There is still a lot that is misunderstood about the Keystone XL pipeline project.


The Inertia

It’s no surprise that the oil companies are at it again. I mean, after all, we’re talking about a project that could make a select few billions of dollars — that’s right, billions with a “b.” But, the question is, at whose expense?

Well, if you ask me, it’s us. The average person who: works a nine to five; snowboards, skis, or surfs weekends; and enjoys a nature hike or two throughout the year… that’s who.
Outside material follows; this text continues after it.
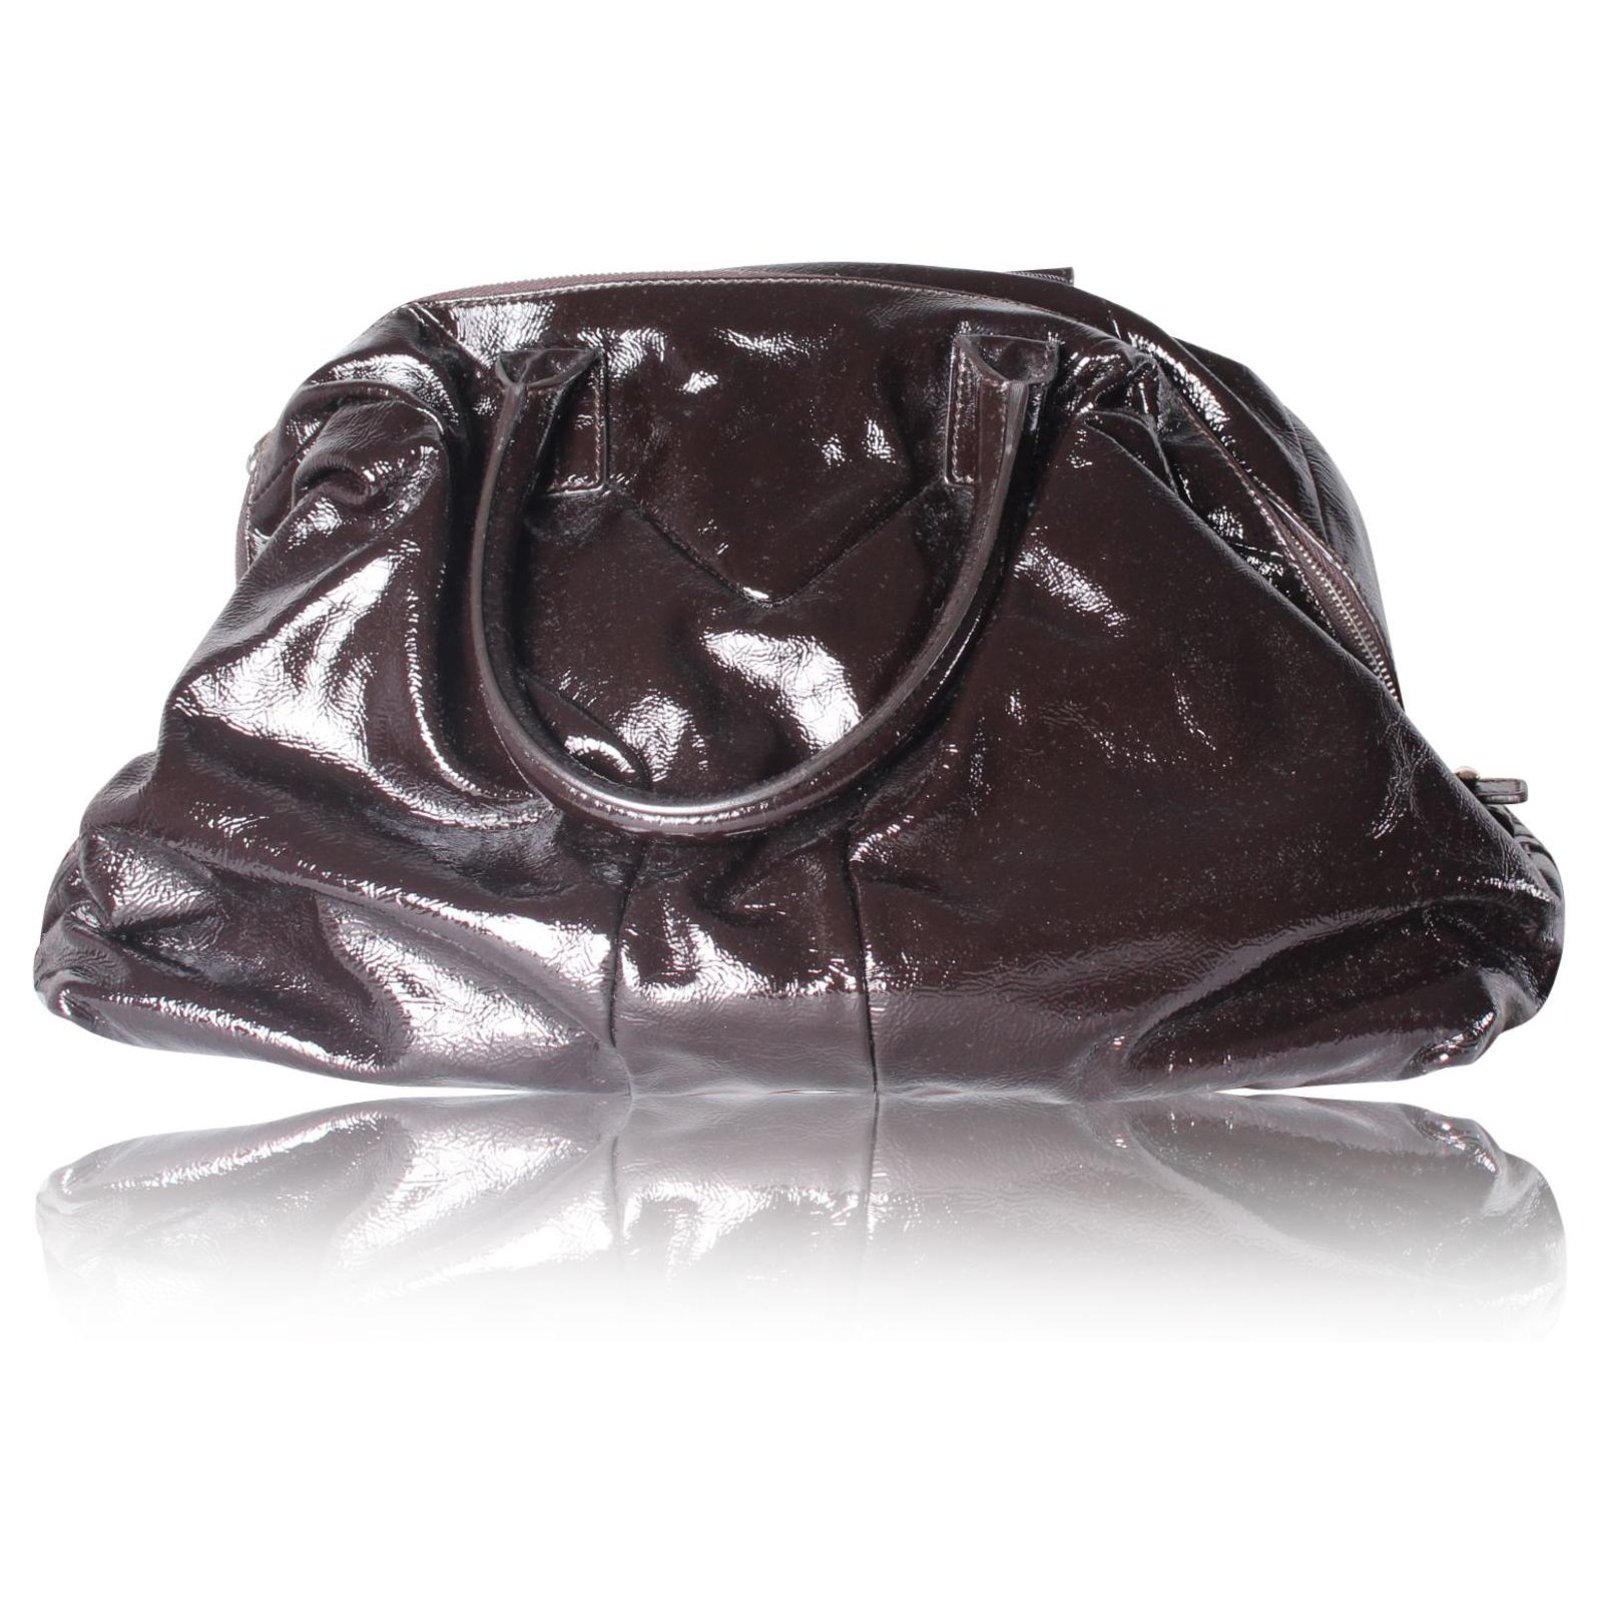 Simple Patent Leather Clutch

Now, even though our president has repeatedly said he will VETO any bill that comes across his desk regarding the Keystone XL, the pressure is building. Like a massive storm covering a canyon or giant swell hitting reef, this project has the potential to become a monster that nobody is willing or even able to tame. For those of you who are not aware, the proponents of the pipeline plan to construct this monstrosity through some of the most pristine lands in the nation, touting all the amazing benefits that will come along with it. But there are several groups out there that want nothing to do with it. In fact, they have researched the proponents’ claims only to find they are 100% false. Okay, so maybe not 100%, but pretty damn close.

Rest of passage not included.